I don’t usually think of it like that, but ‘hiking’ for me is mostly ‘bushwacking’. I primarily use trails for transportation and occasionally while hiking with other people (and then I prefer the surface as unprepared as possible). I’ve gotten plenty of weird looks actively avoiding trails in our tiny patches of forest here in Denmark.
I find that experiencing nature from a trail feels akin to experiencing wild animals in the zoo, in that there is a distance/separation, and a lack of the sensory stimuli and visceral experience that you get off trail. Those stimuli are an essential part of why hiking is so important to my mental health.
This model helped me understand the royal asskicking I got on a hike two weeks ago, having to cut short a 3-day trip after 2 days. I was in Tresticklan national park in southern Sweden, mostly off trail, and it is the most strenuous hike I have ever experienced.
In preparation for a trip next summer, where I plan to hike somewhat similar terrain and consider bringning a packraft, I’m assessing realistic distances. My ambition on this trip was to test if I could do three successive 20km days offtrail in this kind of terrain, and I didn’t manage one! I intentionally chose difficult terrain, pushed harder and was more careless than I am on longer treks, but was never more than ~5km from my car. The challenge was real, but the consequences of pushing too hard were minor – the right kind of setting to test my limits imo.
Day one wasn’t very hard, interspersing on-trail, mostly easy off-trail and packrafting a lake. I could really have used a bivy though, ending up with the worst pitched tent I’ve ever had. Undoubtedly the somewhat subpar sleep I got influenced day two, strong winds and heavy rains didn’t help, and I wasn’t as mindful of eating and drinking as I should have been. But I’ve endured bad weather, bad sleep and bad hydration/nutrition before without a crash like this.
Day two started completely off trail, and only by pushing hard did I manage to keep a 1.6km/h (1mile/h) average, hitting my “morning break” spot by lunchtime completely exhausted. I spent almost 3 hours in my tent there. Some of that was getting dry and fed, but much of it was simply resting after hours of (unexpected) cognitive strain. After that, I decided to get to a trail and end the evening by my car (I also switched from paper map to smartphone navigation).
Interestingly, although it took several hours to get back on trail, as soon as I hit the trail again, I averaged 5-6.5km/h (3-4miles/h) for several hours. My ‘regular’ hiking stamina wasn’t significantly compromised, and the cognitive load almost disappeared.
I think what surprised me was two things:
- How hard the terrain actually was. I know offtrail can be hard, but I definitely have to improve my understanding of the interplay of VD, MI and HP and how that translates to actual terrain BDR.
- The mental exhaustion. A combination of constant vigilance at every step, constant assesment of routes to take and a change of terrain every 10-20 minutes burned cognitive energy much much faster than I expected.

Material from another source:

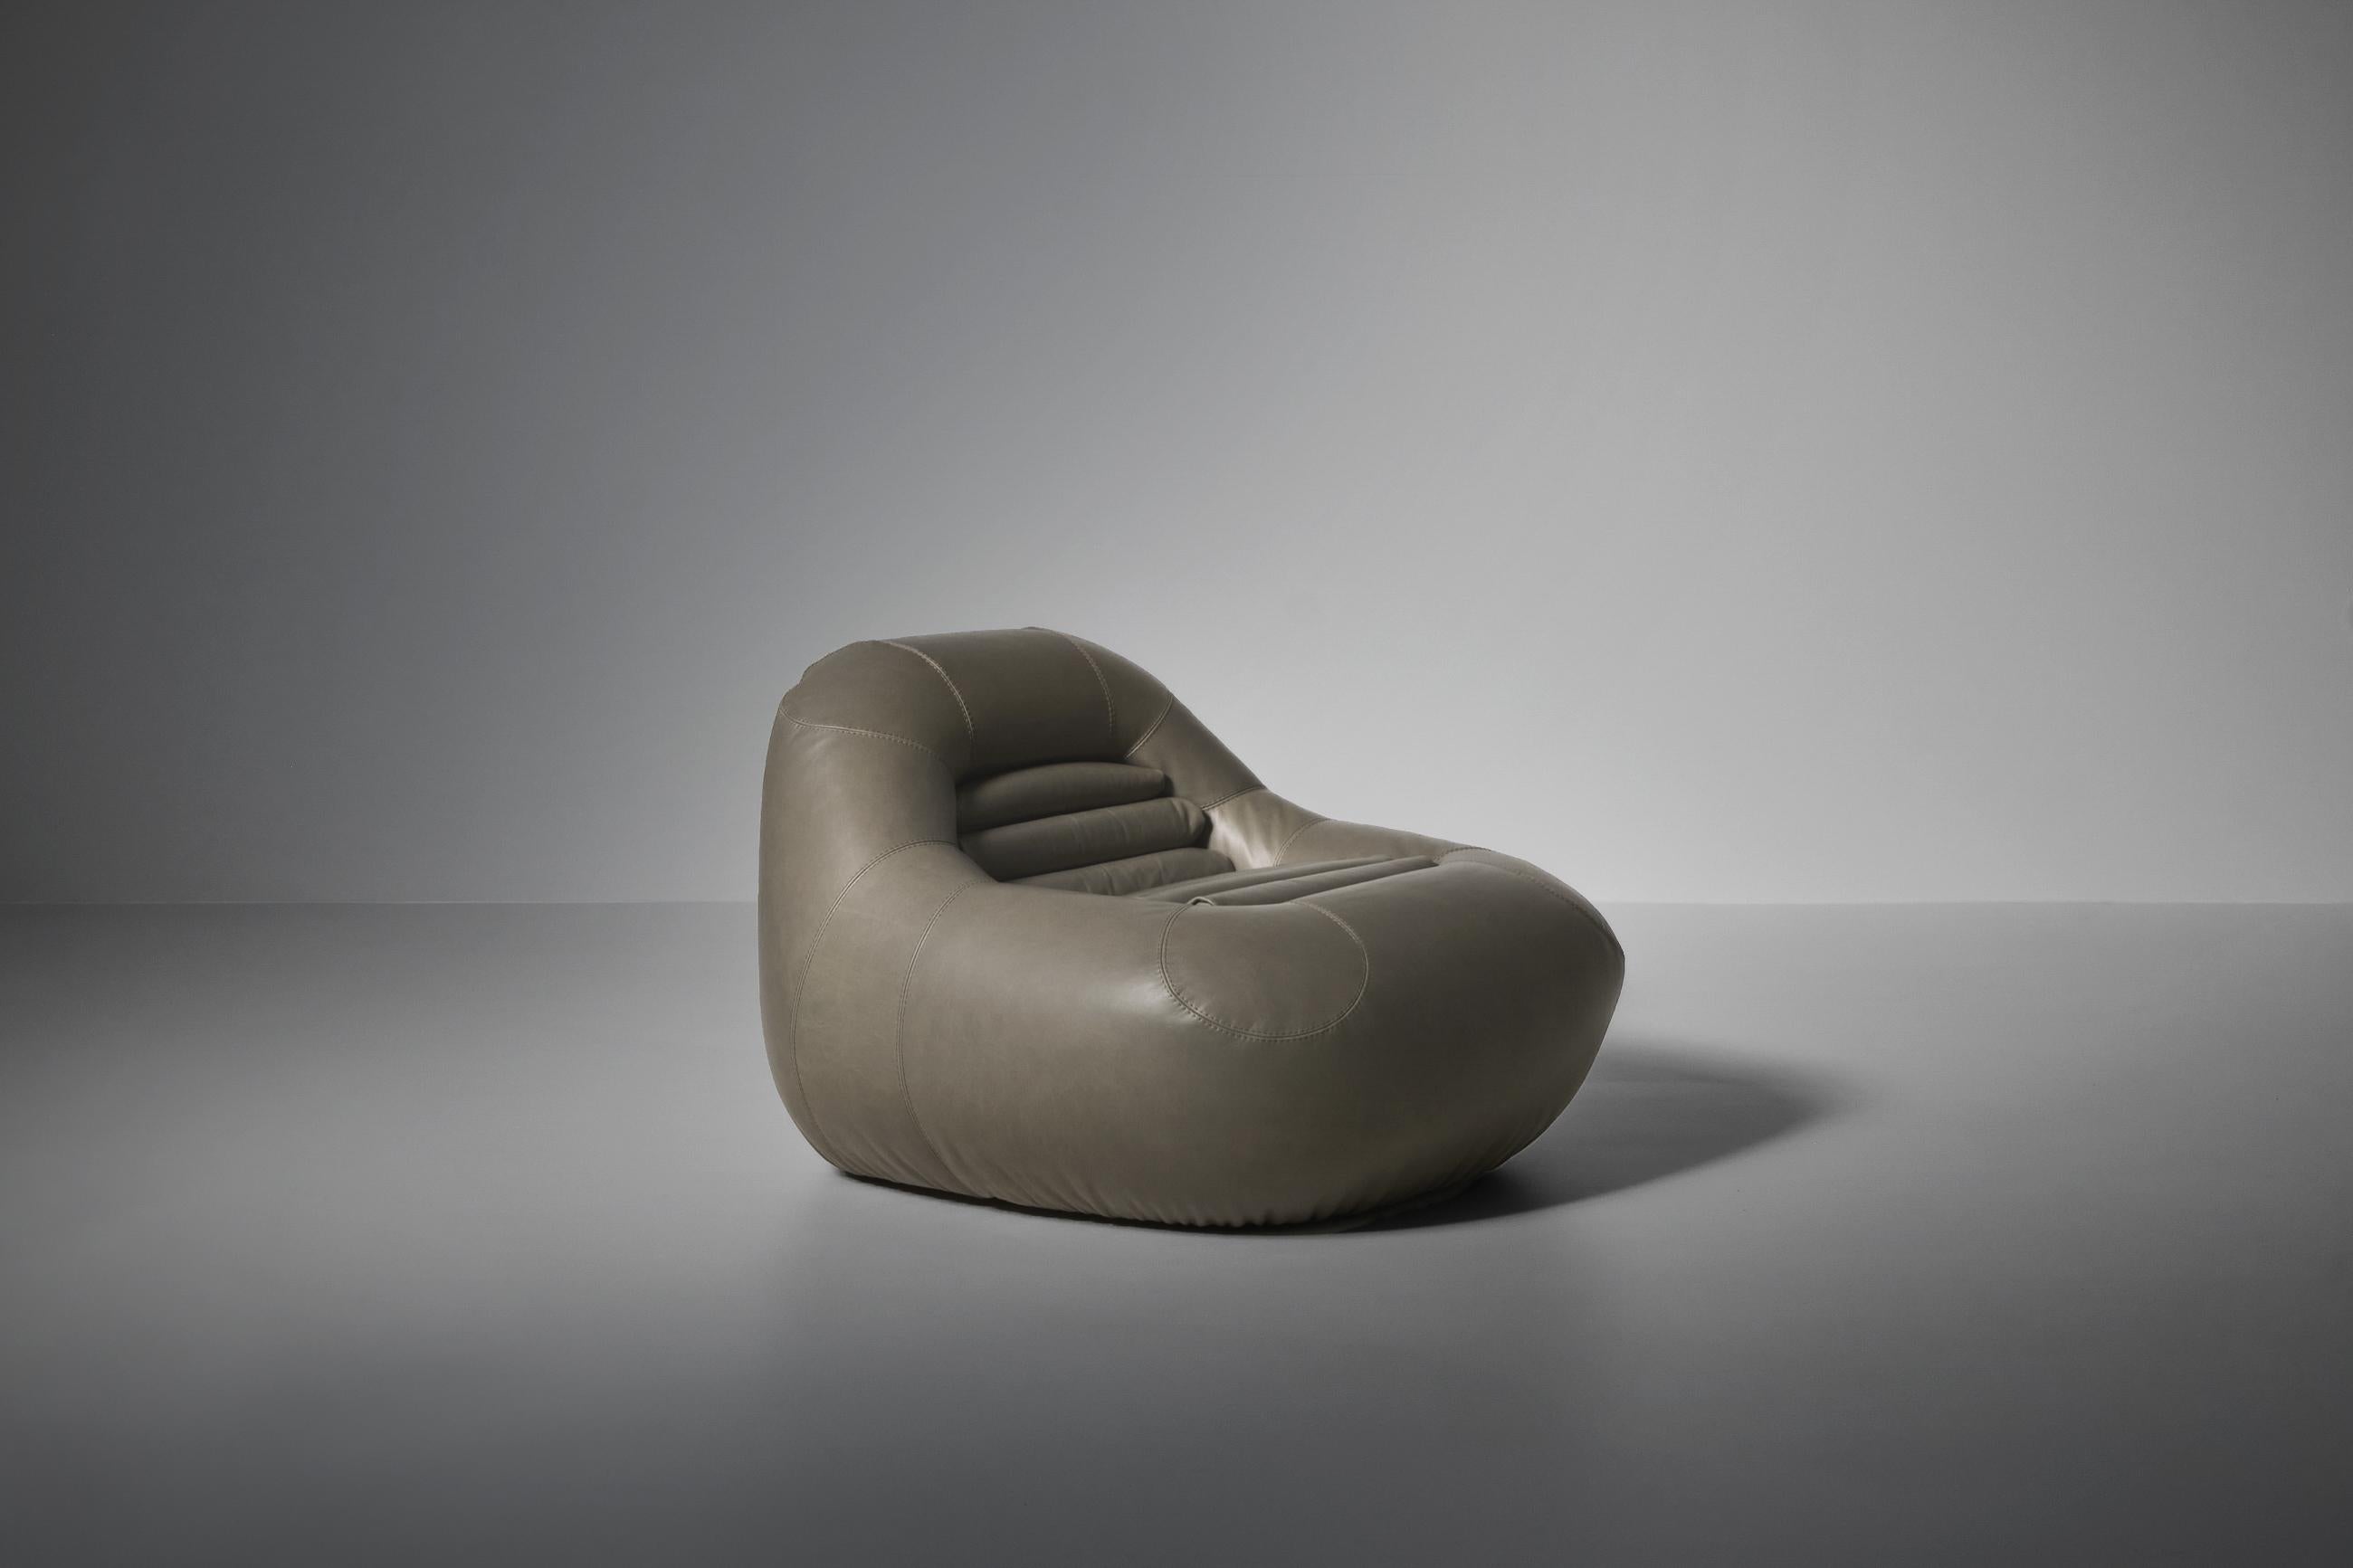 Loungesessel Mod. 'Carrera' in Leder von De Pas, D'Urbino & Lomazzi für BBB Bonacina, Italien ca. 1965. Ein ikonisches Modell, das als Einzelsessel schwer zu finden ist. Fantastisches, auffälliges Design in klobiger Form. Der Stuhl wurde komplett

The framework helps me break down the 1 and understand the 2.
- Brush work was often more intense than I usually encounter.
- Impedance work was very very intense.
- Hazard work was pretty much constant.
A few takeaways for me:
- Combining brush, impedance and hazard work can increase dificulty exponentially.
- Changing terrain presents an additional element of resistance. Terrain with significant impedance work still allows a kind of rythm after a while; in hazardous terrain you can get pretty focused on the relevant hazard etc. But regularly changing the type of obstacle or hazard ‘resets’ that.
- The demands on your physiology get increasingly varied with higher BDR grade. This makes it more likely that your weaknesses are exposed, and you have to plan distances more with an eye to weaknesses than strengths.
- Marsh presents a physical resistance that I find very distinct to the resistance from pushing through brush. The act of pulling your feet from the marsh (if you’re unfamiliar with it, think thick mud with treacherous vegetation cover) can be understood well within the model, but I think a valuable expansion of this article would be more varied examples of terrain.
- Pack weight gets exponentially more important as BDR goes up. I had a 15kg backpack (packraft + a slew of gear for testing), and I could feel every kg of that pushing my feet into the marsh.